New Honorary Captain says Anishinaabe teachings and RCN helped her become a leader

HCapt(N) Debbie Eisan, centre, receives her scroll from RAdm Brian Santarpia at a ceremony on June 21. PO1 Katerina Stewart carries the DND/CAF Eagle Staff.

HCapt(N) Debbie Eisan, centre, receives her scroll from RAdm Brian Santarpia at a ceremony on June 21. PO1 Katerina Stewart carries the DND/CAF Eagle Staff.

Joanie Veitch
Trident Newspaper

Honorary Captain (Navy) (HCapt(N)) Deborah Eisan’s dream of becoming a nurse and travelling the world didn’t work out quite as she had envisioned.

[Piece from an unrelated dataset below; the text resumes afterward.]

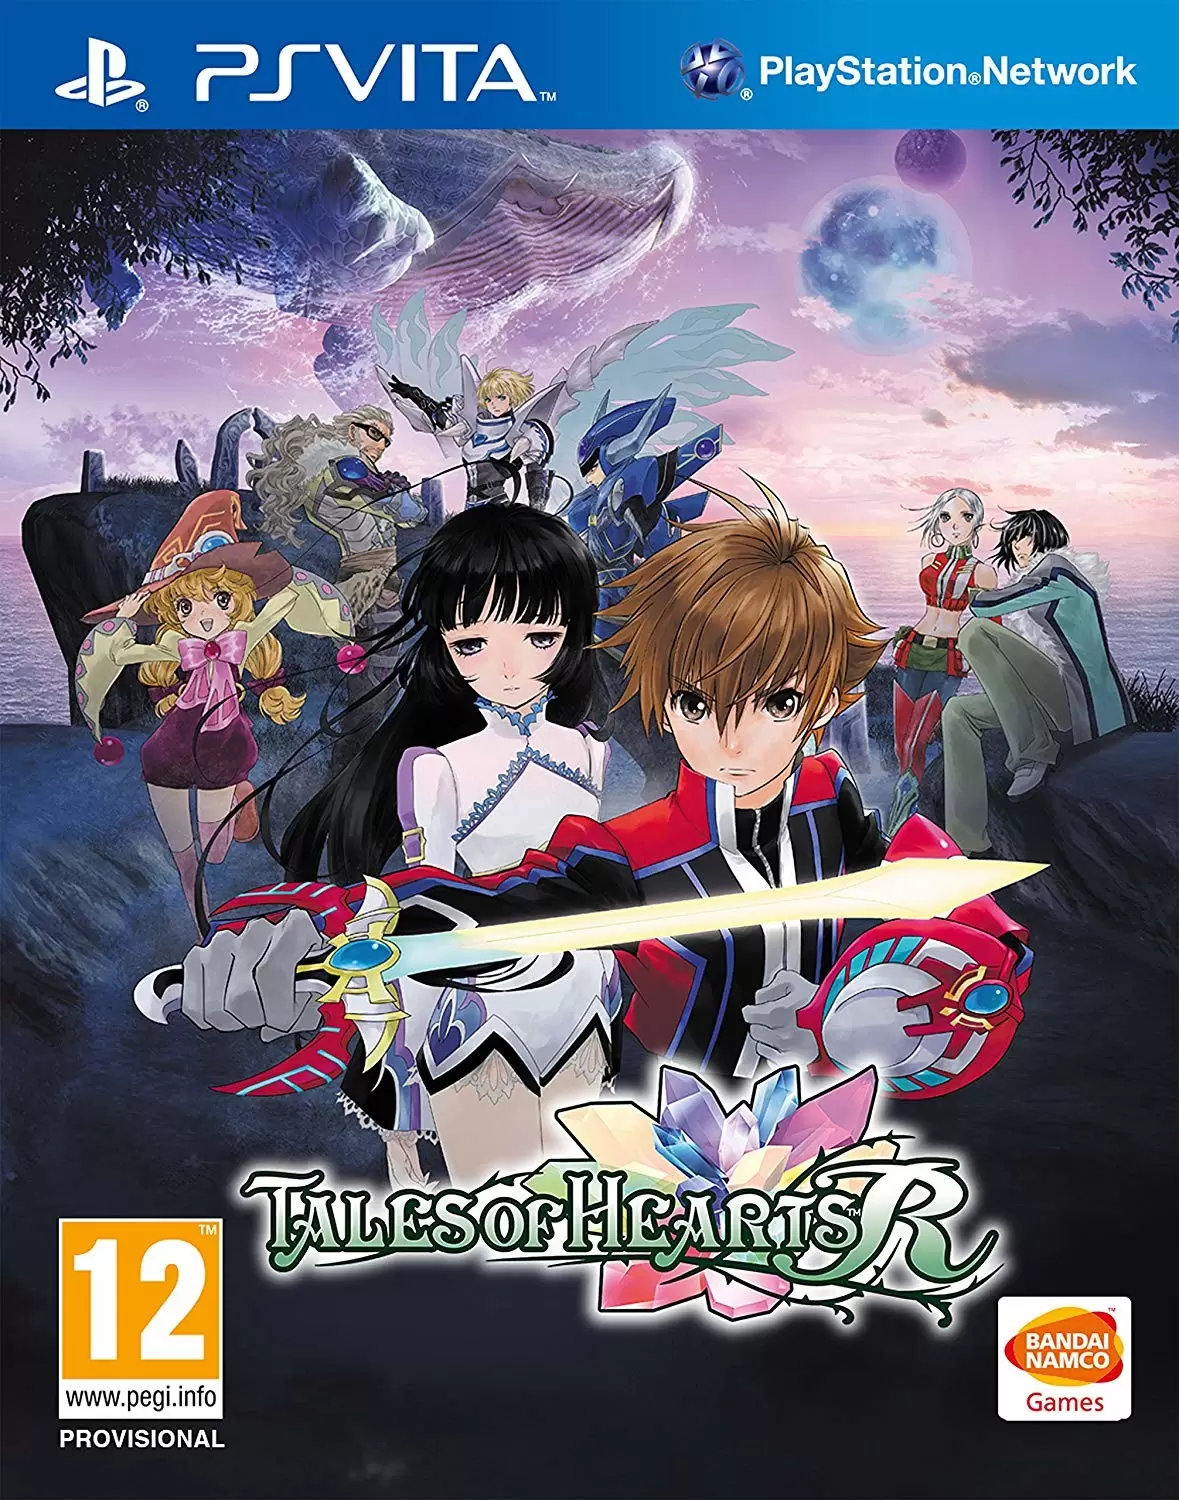 PS Vita Games - Tales of Hearts R - Soma Link Day One

Instead, the Anishinaabekwe from the Batchewana First Nation in northern Ontario joined the Royal Canadian Navy (RCN) at age 17.

“It was the military that gave me the courage to stand up for who I am and to be proud of my culture and my heritage,” she said. “The military gave me the confidence to express my thoughts and opinions.”

In her 36-year career, she travelled to more than 20 countries and played a key role in recruiting and mentoring Indigenous youth through the Canadian Forces Aboriginal Entry Program and various summer training programs, such as Raven and Black Bear. She retired from the military as a chief petty officer second class.

On June 21, she was officially appointed Honorary Captain (Navy) at a scroll and pin presentation ceremony.  The event was held in the Admiral’s Conference Room at Maritime Forces Atlantic headquarters in Halifax with limited in-person attendance, but many watching on-line.

Raymond Sewell, a musician from the Mi’kmaq community of Pabineau, N.B., drummed and sang the Mi’kmaw Honour Song, and Chief Dean Sayers, Chief of Batchewana First Nations, gave congratulatory remarks before Rear-Admiral (RAdm) Brian Santarpia, Commander Maritime Forces Atlantic, presented Eisan with her Honorary Captain Scroll and Pin.

“Honorary Captains in the RCN are selected leaders who have distinguished themselves in their private or public life. They act as ambassadors for the navy to the Canadian people,” he said.

He listed her many achievements, including the National Aboriginal Women in Leadership Award of Distinction, the Queen’s Diamond Jubilee medal for her work in advocating for cultural awareness of Indigenous people within the CAF, and her work creating the Department of National Defence (DND)/CAF Eagle Staff, the travelling symbol of unity among Indigenous people in the military.

RAdm Santarpia said HCapt(N) Eisan has also played a key role as a “valued advisor” to senior military leadership on Indigenous matters.

“She was, and continues to be, a strong voice for Indigenous members of the CAF and veterans. Debbie, I have to say that we are the ones who are humbled and honoured that you have been appointed as Honorary Captain – you are truly remarkable.”

While her military training helped shape her career, the Anishinaabe knowledge, passed down through the generations from the Seven Grandfather teachings of wisdom, love, respect, bravery, honesty, humility, and truth, has also shaped her as a person.

“Without the wisdom of our elders and our ancestors we would not know how to love ourselves unconditionally and to love others with the same tenacity; to respect each other and the differences we all have, and that each of our spirits are unique and beautiful,” she said, highlighting the teachings of each of the guiding principles.

As one of two military members instrumental in creating the DND/CAF Eagle Staff – carried at the scroll and pin ceremony by Petty Officer First Class Katerina Stewart – HCapt(N) Eisan recalled how in 2002 she and Petty Officer Second Class Chris Innes, from Whitefish River First Nation, each had a dream of an Eagle Staff. They shared their vision with each other the next morning, and the two went on to create the DND/CAF Eagle Staff as a powerful emblem of unity, honouring current and past Indigenous members in the defence community.

“This Eagle Staff serves as a reminder of the tenacity and the strong and proud service of Indigenous people within the CAF,” said HCapt(N) Eisan. “So, you see, dreams do come true, but not always in the way you expect – if we open our eyes and watch for the signals, we’ll achieve our dreams.”